7. DESTRUCTION OF DOCUMENTS
We do not perpetually retain the original copies of documents received by our offices. We expect that clients will diligently and promptly act to avoid any delivery of vital documents to our offices. In the event such documents or other mailings are delivered to our offices, we expect that clients will diligently act to request the original document or mailing to be forwarded to the client. Unless otherwise agreed in writing, all such forwarding requests will be at the client’s expense. Important Note: All documents and mailings are destroyed after thirty (30) days following the digital scanning of the documents and mailings.
8. ELECTRONIC RECORDS AND SIGNATURES
We’re a digital company that sometimes needs your electronic or hard copy signature. We may need to file documents on your behalf, so you consent to us affixing your electronic or hard copy signature in order to file documents on your behalf. If you upload or provide your digital or electronic signature to us for use, then you agree that we may affix that digital or electronic signature in the course of providing you with Service(s) without first seeking authorization from you.
9. REFUNDS
Unless otherwise stated herein, all purchases are final and non-refundable after 90 days. No refunds will be given for any charges or credits more than 90 days old unless otherwise agreed to in writing between you and us and/or if specific to the type of service we are providing or if required by law. We reserve the right to issue and/or prorate refunds or credits at our sole discretion unless otherwise required by law. If we issue a refund or credit, we are under no obligation to issue the same or similar refund in the future. This refund policy does not affect any statutory rights that may apply. All state filing fees are non-refundable.
10. DISPUTES AND HOW TO SETTLE THEM.
You agree that any action or proceeding by you relating to any dispute must commence within one year after the alleged cause of action accrues. We try extremely hard to provide every client with fantastic customer service. If you don’t like something we did, please email or call us. We’ll try to resolve the issue to your liking quickly. Call us at 858-380-5586. You can also email us at info@southshoreagents.com. We value our clients and seriously try hard to provide amazing customer service.

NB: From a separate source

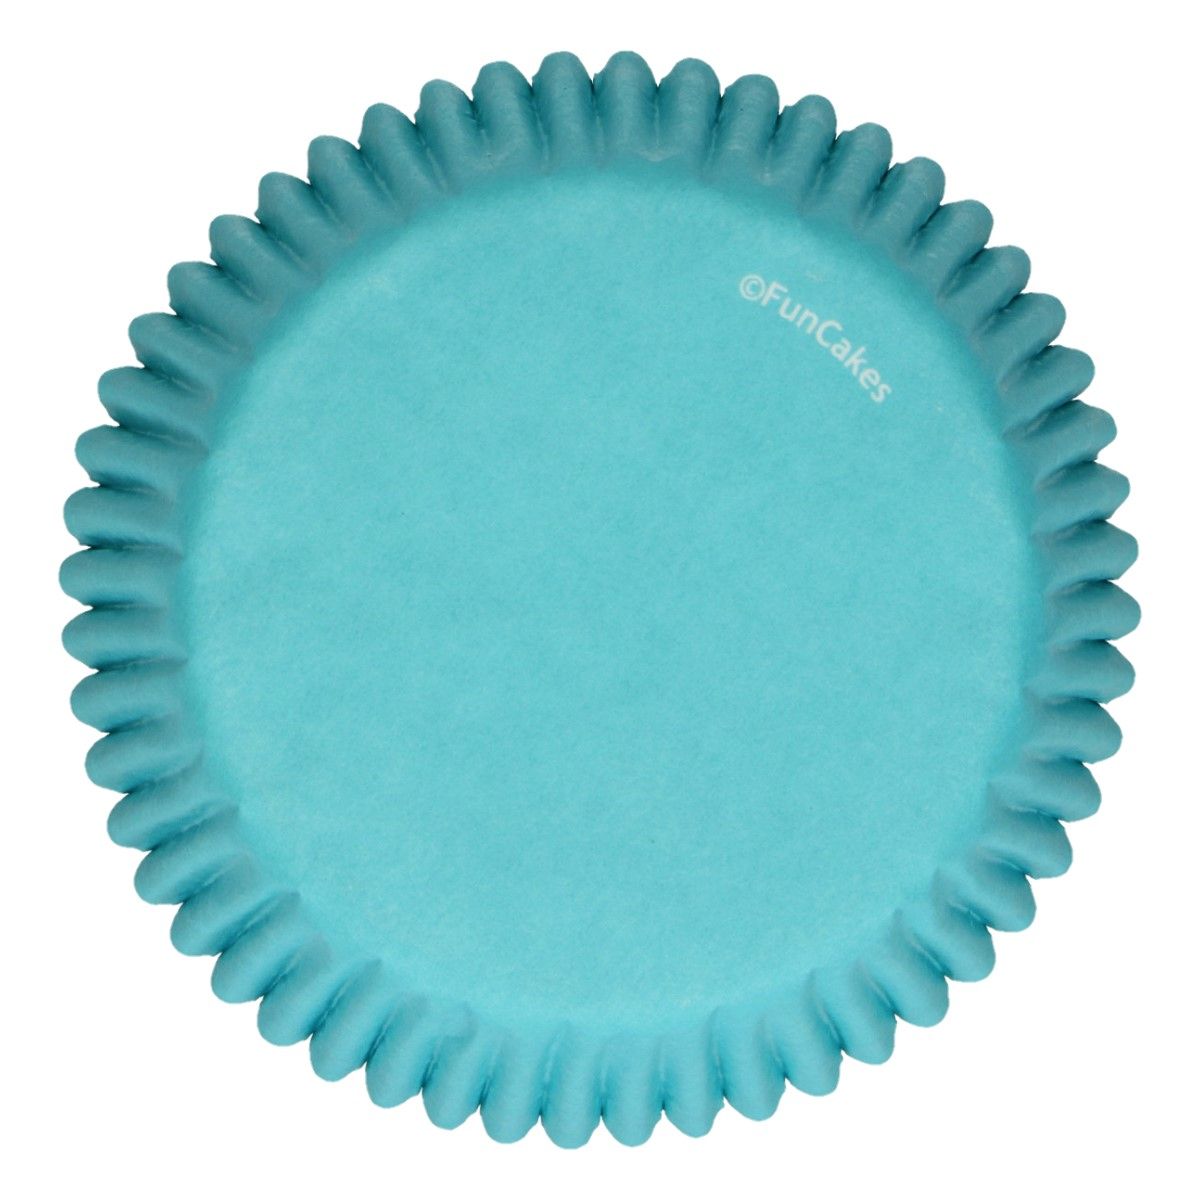 FC Baking Cups - Turquoise - pk/48

11. ALTERNATIVE DISPUTE RESOLUTION
All that said, in the unlikely event that we are unable to resolve your complaint to your satisfaction, we each agree to work together, in good faith, to resolve any controversy, dispute, or claim between us which arises out of or relates to these Terms, our Website, or our Services, whether stated in tort, contract, statute, bad faith, or otherwise (“Claim”). If we are unable to resolve the Claim within 30 days following the date in which one party sent written notice of the Claim to the other party, and if a party wishes to pursue the Claim, such Claim shall be addressed through non-binding mediation under the Commercial Mediation Rules of the American Arbitration Association (“AAA”). A single mediator knowledgeable about the subject matter of these Terms and the Services will conduct the mediation under the then-current rules of the AAA. Any mediation under these Terms shall be conducted in San Diego County, California. All costs involved in the mediation shall be borne equally between the parties, except that each party shall bear its own attorneys’ fees. This provision shall survive the termination your Services. The parties hereby expressly agree that, unless expressly required by applicable law for the type of Services provided, no claims or disputes between the parties arising out of or relating to these Terms or the Services or a breach thereof shall be decided by any arbitration proceeding, including, without limitation, any proceeding under the Federal Arbitration Act or any applicable state arbitration statute.
12. INDEMNIFICATION
You, personally, agree to protect, defend, indemnify and hold us harmless from and against any and all claims, causes of action, liabilities, judgments, penalties, losses, costs, damages and expenses (including attorneys’ fees and all related costs and expenses for litigation and/or arbitration) suffered or incurred by us, including, without limitation, any claim arising from: (a) any actual or alleged breach of your obligations under these Terms; (b) your wrongful or improper use of the Services; (c) your failure to provide us with accurate information about you or your business; (d) your violation of any third-party right, including without limitation any right of privacy, publicity rights or Intellectual Property rights; (e) your violation of any local, state, federal or international law, rule or regulation of any municipality, county, state, the United States or any other country; (f) any other party’s access and/or use of the Services with your unique name, password or other security code; (g) Any copyright infringement claims that may arise from us scanning Legal Documents or other mail on your behalf, or from your uploading of any infringing or allegedly infringing material to our servers; (h) the failure of any third party, including but not limited to the United States Postal Service or any commercial delivery or courier service, to provide delivery or courier services accurately and on time; (i) any loss, damage or destruction of your Legal Documents by any cause whatsoever; (j) our being named as a defendant in an action based on our status as your registered agent; (k) any claims or action brought against us relating to your failure to maintain updated information on any of our websites.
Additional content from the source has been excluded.